(Beginning of Provided data)

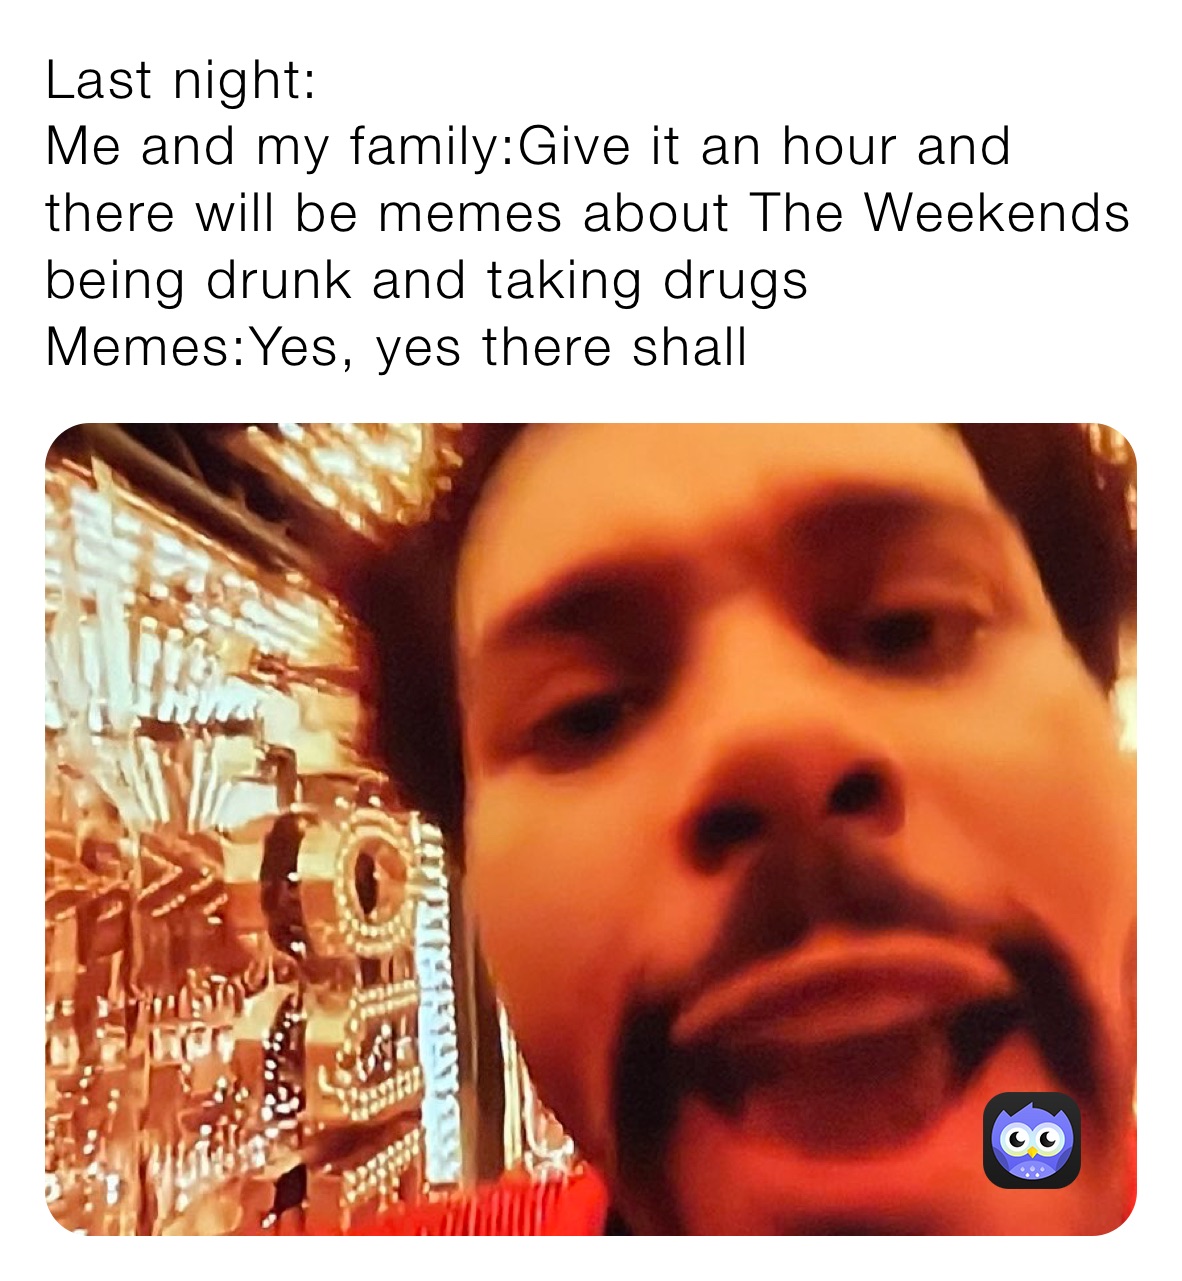 Last night:
Me and my family:Give it an hour and there will be memes about The Weekends being drunk and taking drugs
Memes:Yes, yes there shall

(End of Provided data)

▶ **Work task**: Report each line in the data that holds the word "there".

▶ **Answer space**:
Me and my family:Give it an hour and there will be memes about The Weekends being drunk and taking drugs
Memes:Yes, yes there shall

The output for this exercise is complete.